Example: suppose \(n = 10000\) and \(y = 4900\), the p-value is about 0.045 so we reject \(H_0\) as the 0.05 level. The posterior probability of \(H_0\) is \(0.96\) so the probability of \(H_0\) being ture is 96%.

paradox = expand.grid(n=10^(seq(0,5,by=0.1)), ybar=0.49)
pvalue = function(lrt,df=1) 1-pchisq(-2*log(lrt),df)
lrt = function(n,ybar) exp(n*log(0.5)-n*ybar*log(ybar)-n*(1-ybar)*log(1-ybar))
post_prob = function(bf, prior_odds=0.5) 1/(1+1/bf*prior_odds)
bf = function(n,ybar,a=1,b=1) exp(n*log(0.5)+lbeta(a,b)-lbeta(a+n*ybar,b+n-n*ybar))

paradox = ddply(paradox, .(n,ybar), summarize, pvalue=pvalue(lrt(n,ybar)), post_prob=post_prob(bf(n,ybar)))
m = melt(paradox, id=c("n","ybar"))
p = ggplot(m, aes(log10(n),value,col=variable)) + 
  geom_line() +
  theme_bw()
print(p)

The test statistic with point null hypothesis:

\[ \begin{aligned} \lambda(y) &=\frac{p\left(y \mid \theta_{0}\right)}{p\left(y \mid \hat{\theta}_{M L E}\right)} \\ B F\left(H_{0}: H_{1}\right) &=\frac{p\left(y \mid \theta_{0}\right)}{\int p(y \mid \theta) p\left(\theta \mid H_{1}\right) d \theta}=\frac{p\left(y \mid H_{0}\right)}{p\left(y \mid H_{1}\right)} \end{aligned} \]

A few comments:

The LRT chooses the best possible alternative value

THe Bayesian test penalizes for vagueness in the prior

The LRT can be interpreted as a Bayesian point mass prior exactly at the MLE

Generally, p-values provide a measure of lack-of-fit of the null model

Bayesian tests compare predictive performance of two Bayesian models (model+prior)

Prosecutor”s Fallacy

It is common for those using statistics to equate the following

\[ \text { pvalue } \stackrel{?}{=} P\left(\text { data } \mid H_{0} \text { true }\right) \neq P\left(H_{0} \text { true } \mid \text { data }\right) \]

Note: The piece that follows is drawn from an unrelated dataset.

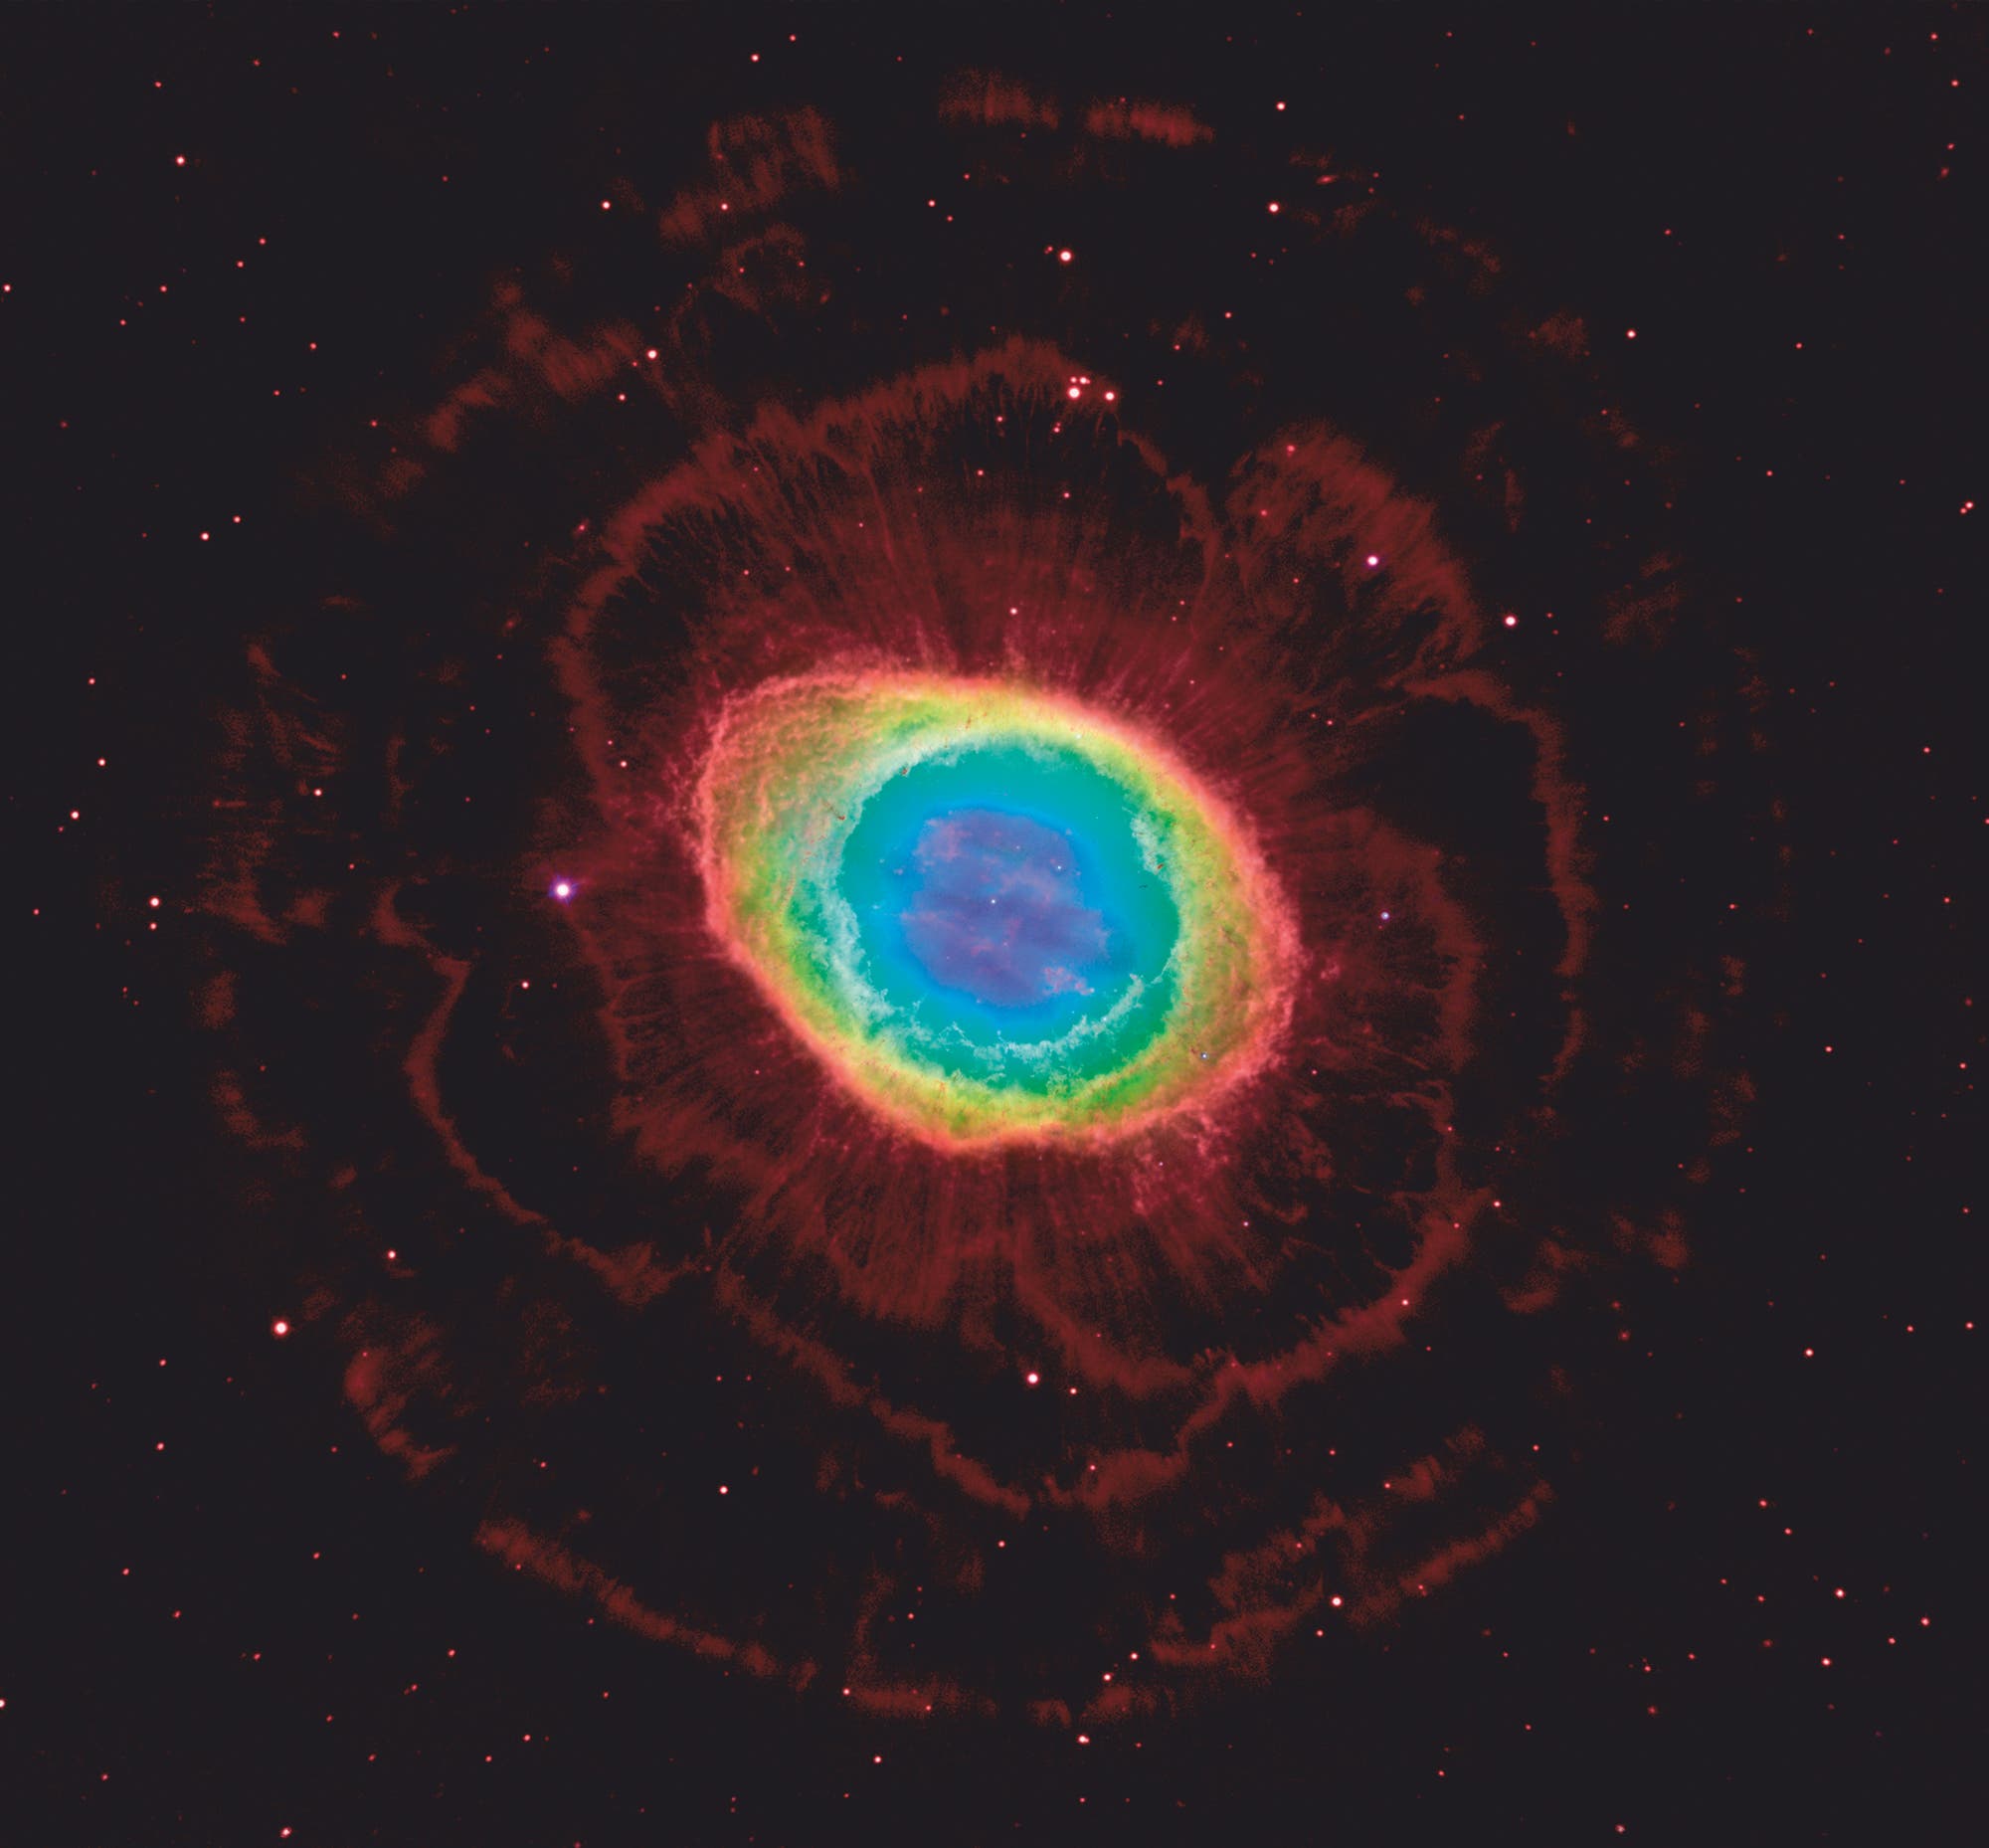 Der Ringnebel in der Leier, Aufnahme des Weltraumteleskops Hubble

but we can use Bayes rule to show that these probabilities cannot be equated \[ p\left(H_{0} \mid y\right)=\frac{p\left(y \mid H_{0}\right) p\left(H_{0}\right)}{p(y)}=\frac{p\left(y \mid H_{0}\right) p\left(H_{0}\right)}{p\left(y \mid H_{0}\right) p\left(H_{0}\right)+p\left(y \mid H_{0}\right) p\left(H_{0}\right)} \] This situation is common enough that it is called The Prosecutur’s Fallacy.